• [TASK GOAL] Print only what runs from the line that includes "Happy Eid Mubarak 2018" to the end of the listing, word for word, and do not include any pictures.

• [RAW DATA]
========================================================================

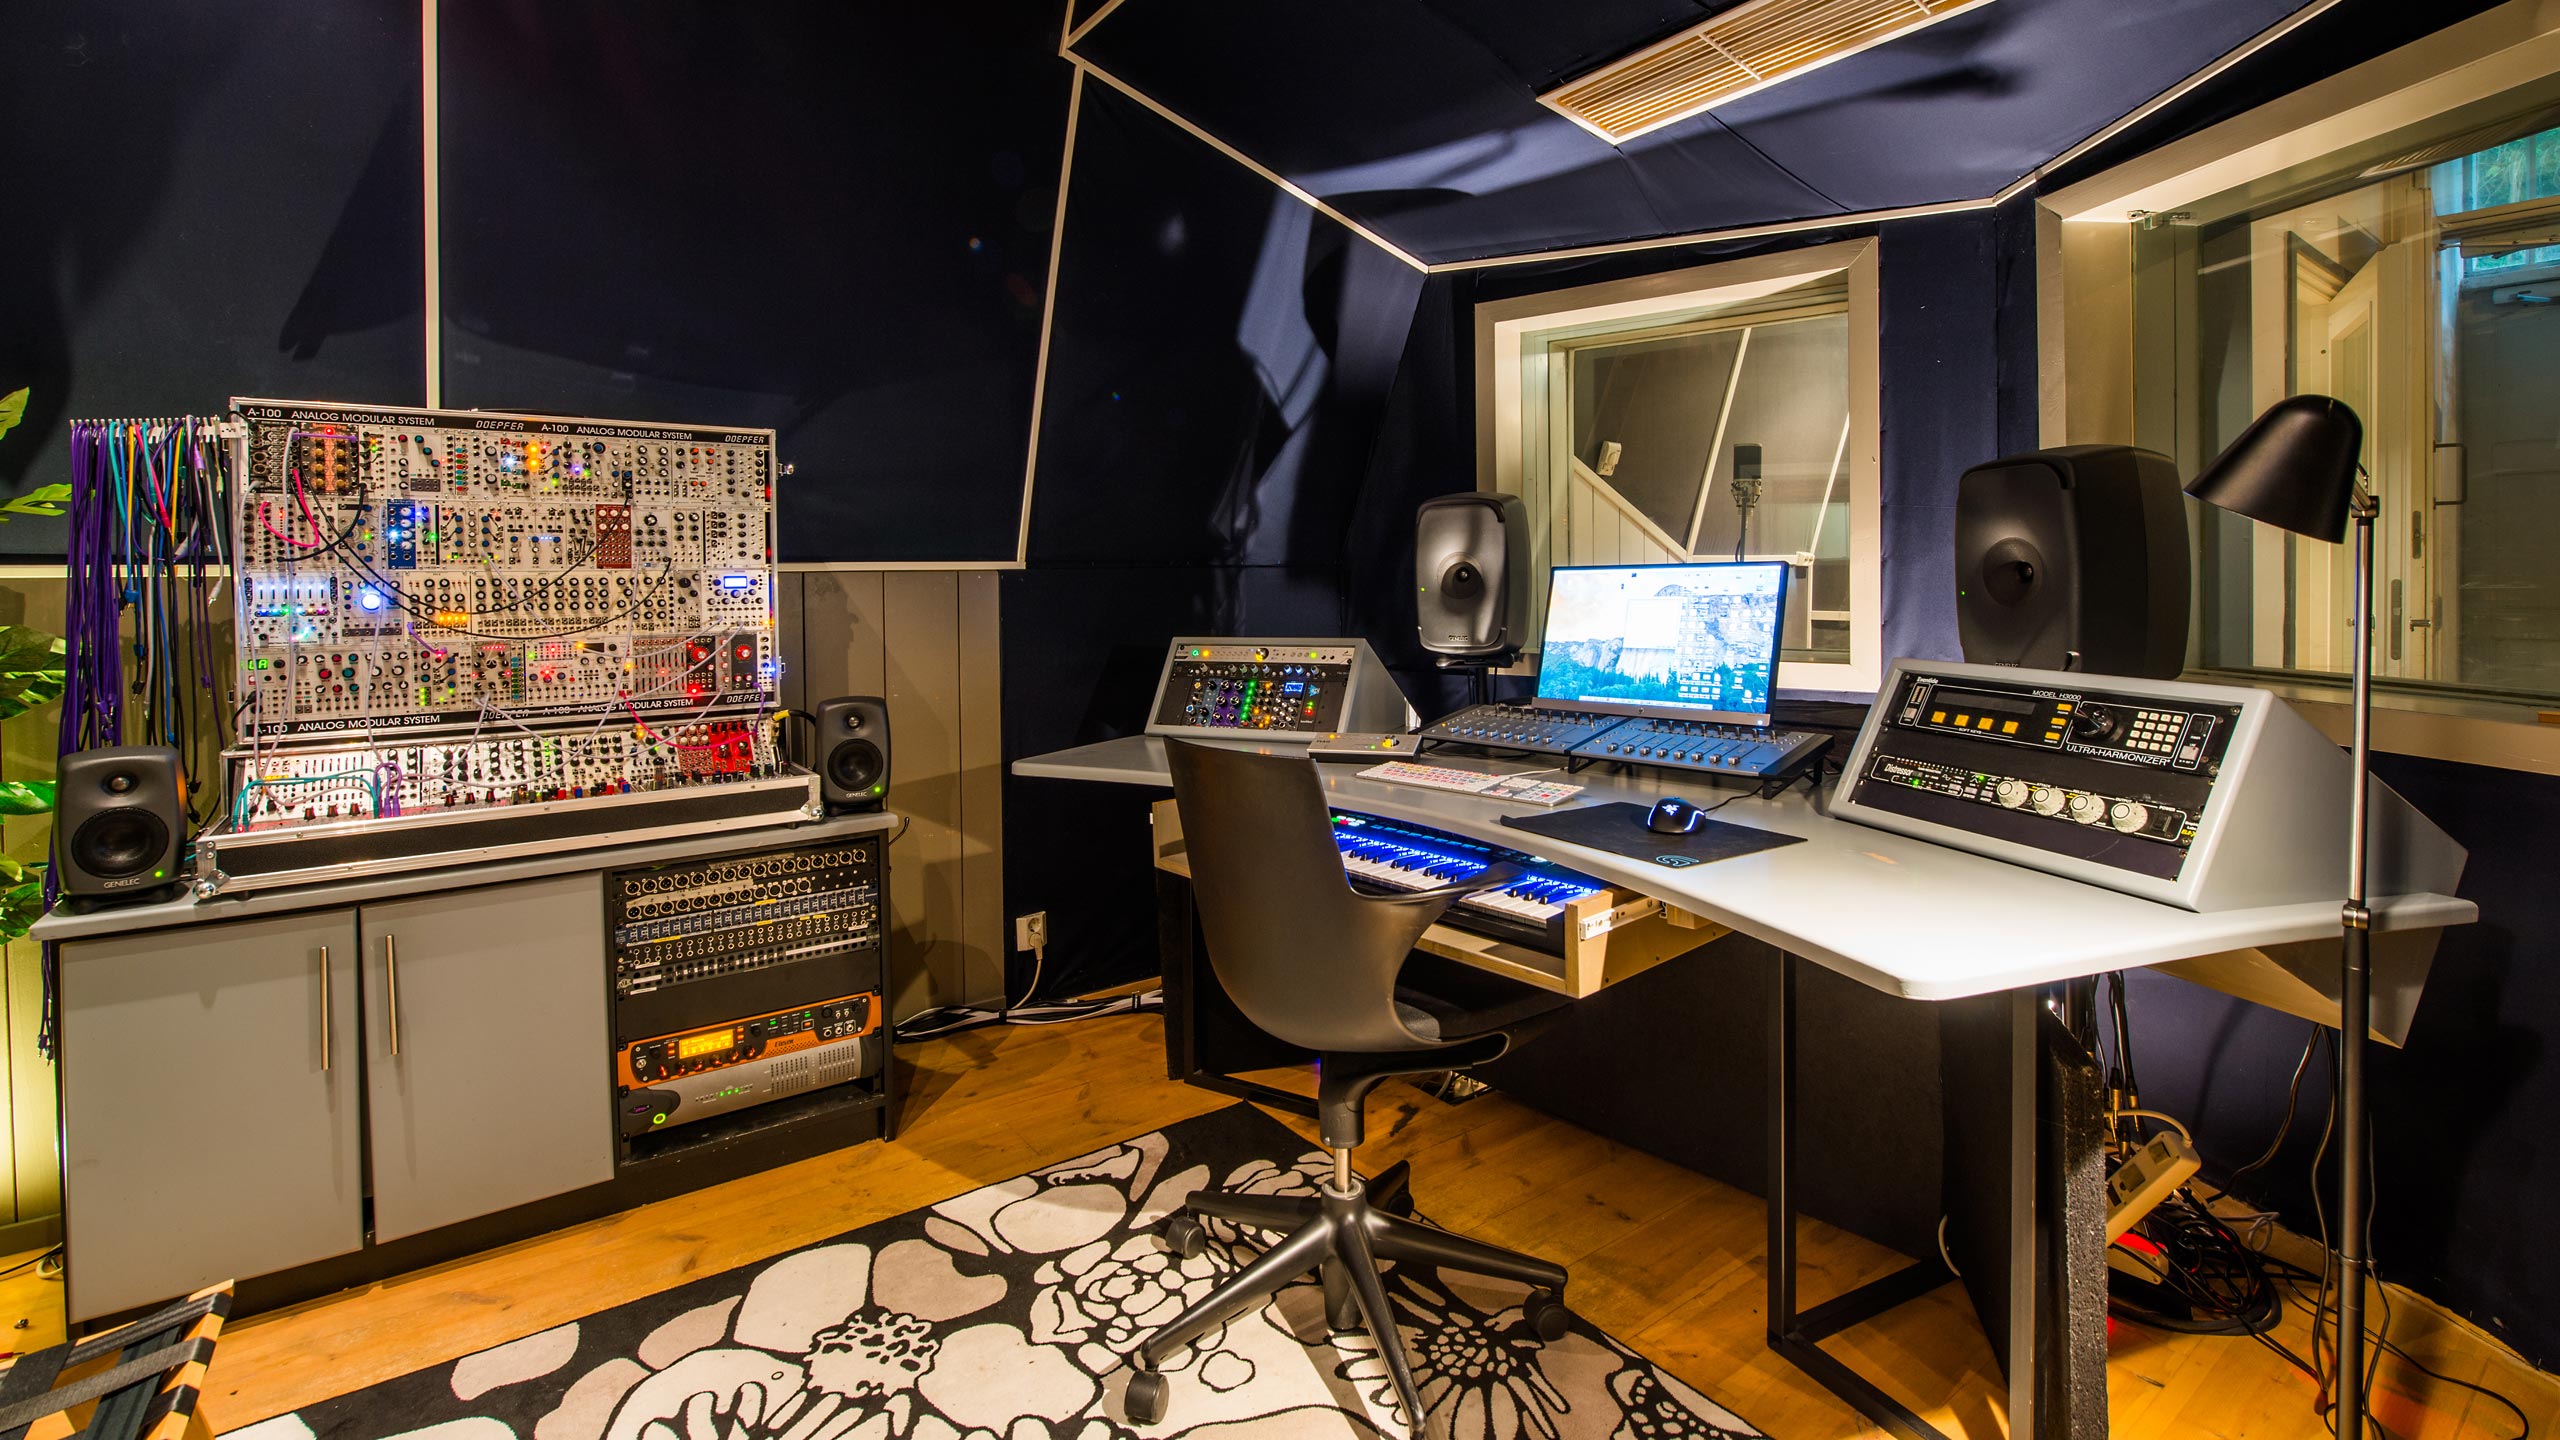 Suomenlinnan Studio | Music studio and creative complex located in  Suomenlinna island, Helsinki – Finland
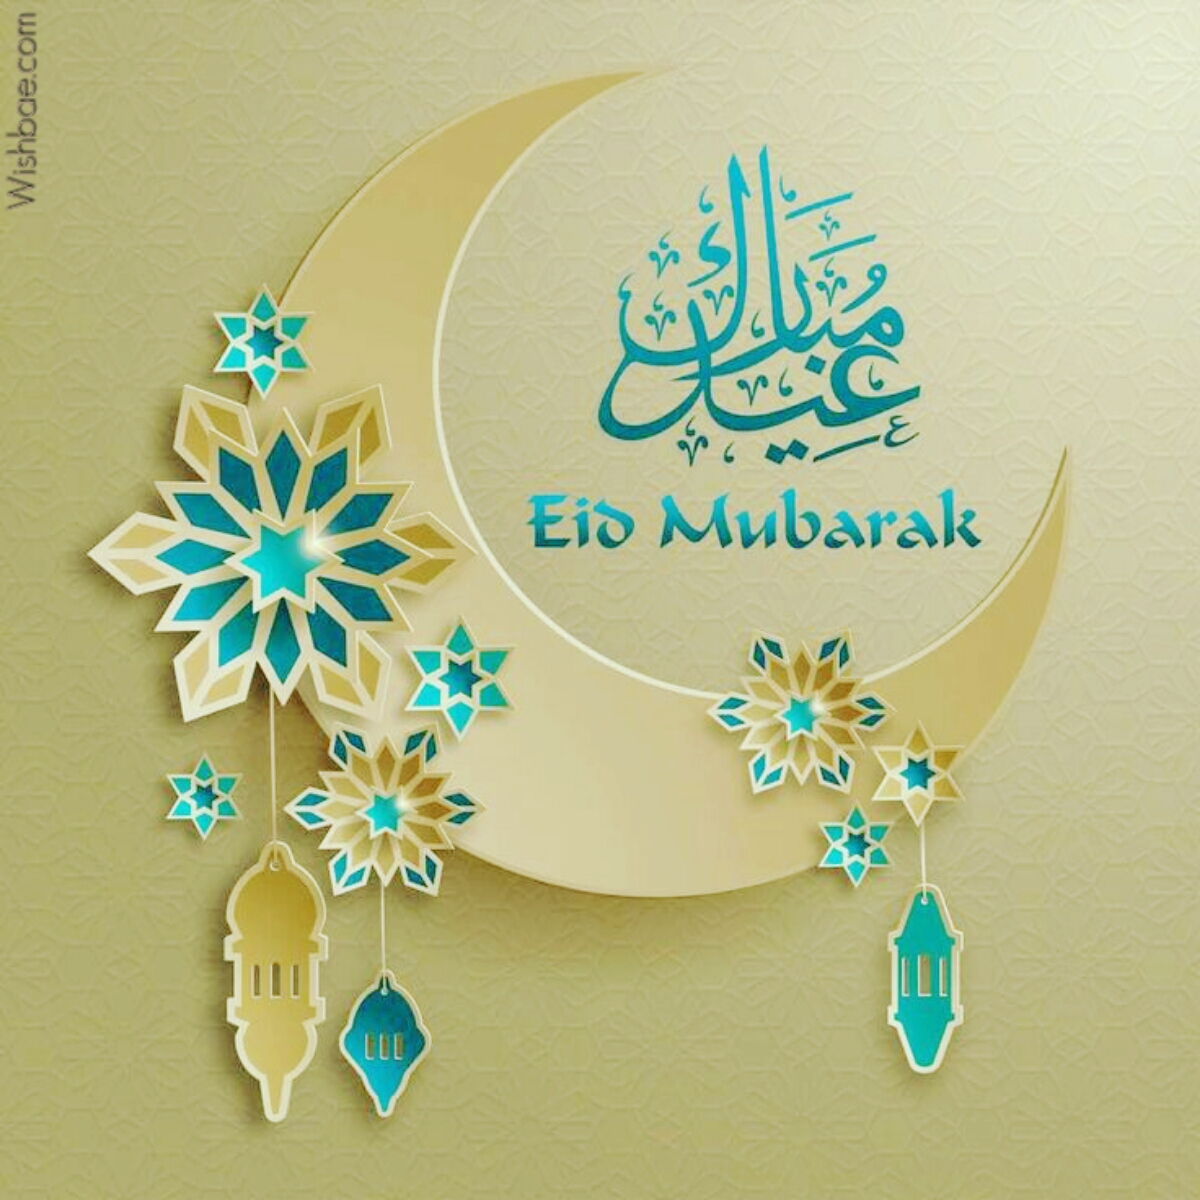 Happy Eid Mubarak 2018
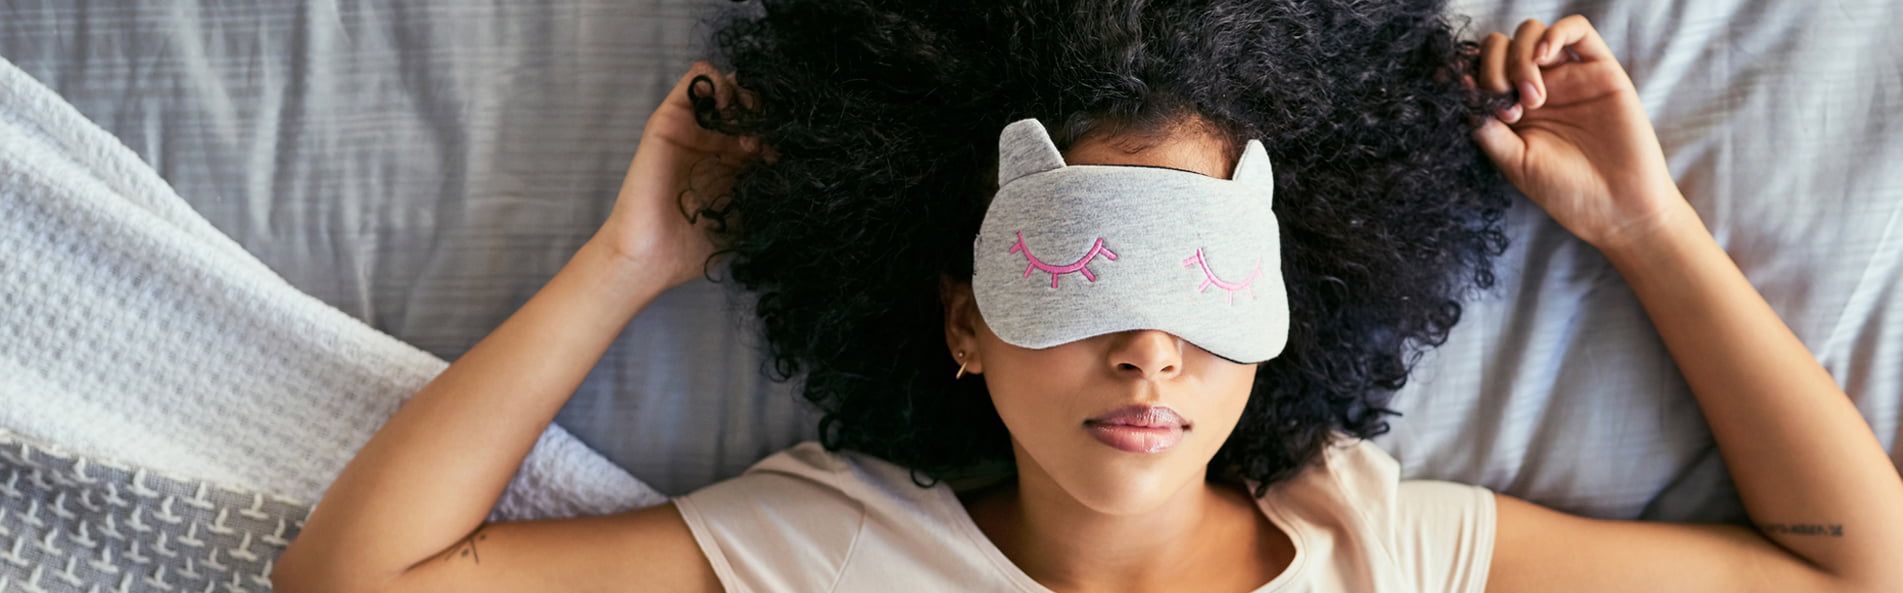 Woman wearing eye mask in bed
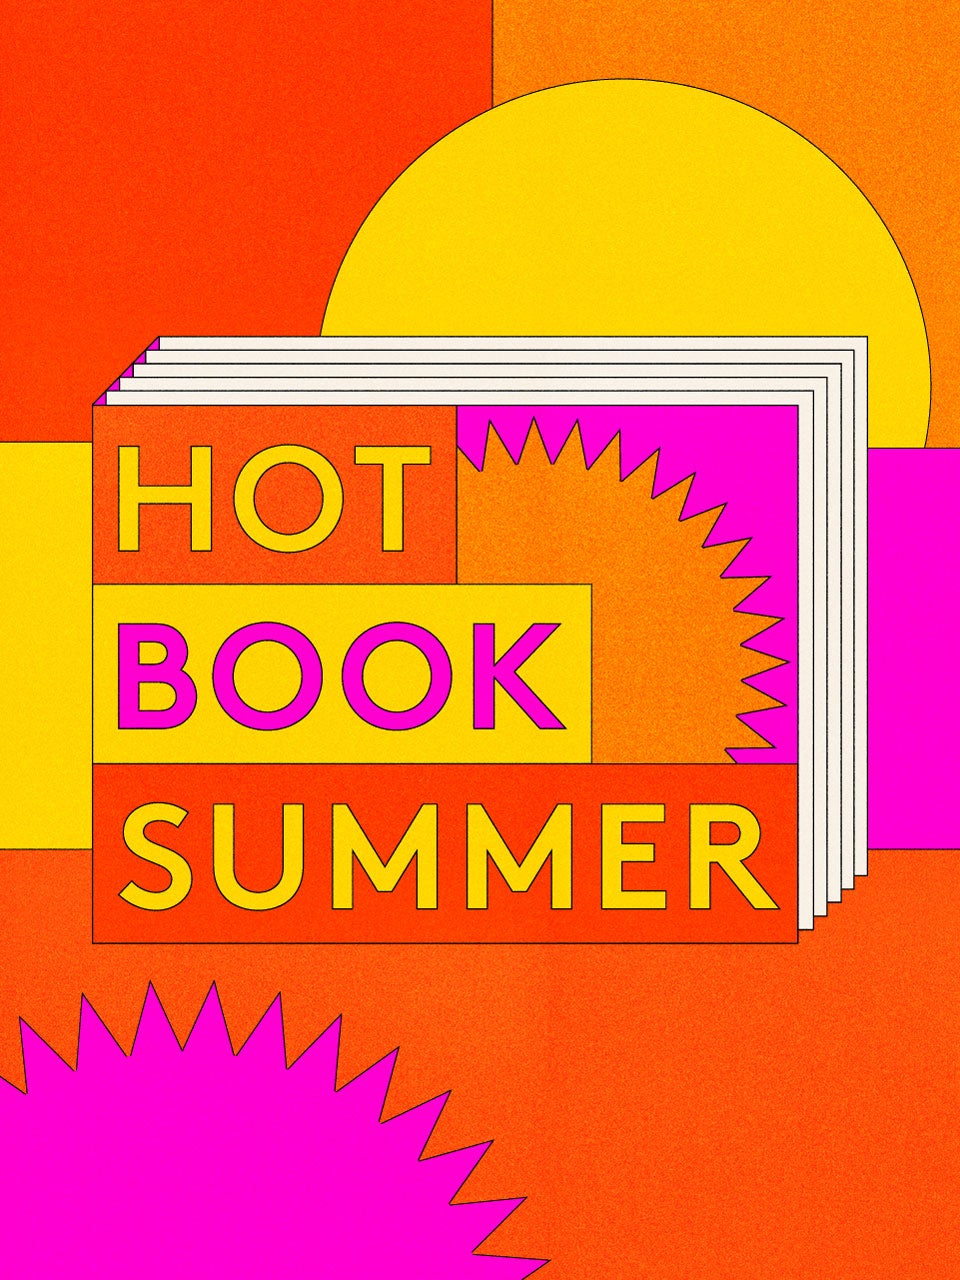 Hot Book Summer

========================================================================

• [OUTPUT OF THE EXERCISE]
 Happy Eid Mubarak 2018
 Woman wearing eye mask in bed
 Hot Book Summer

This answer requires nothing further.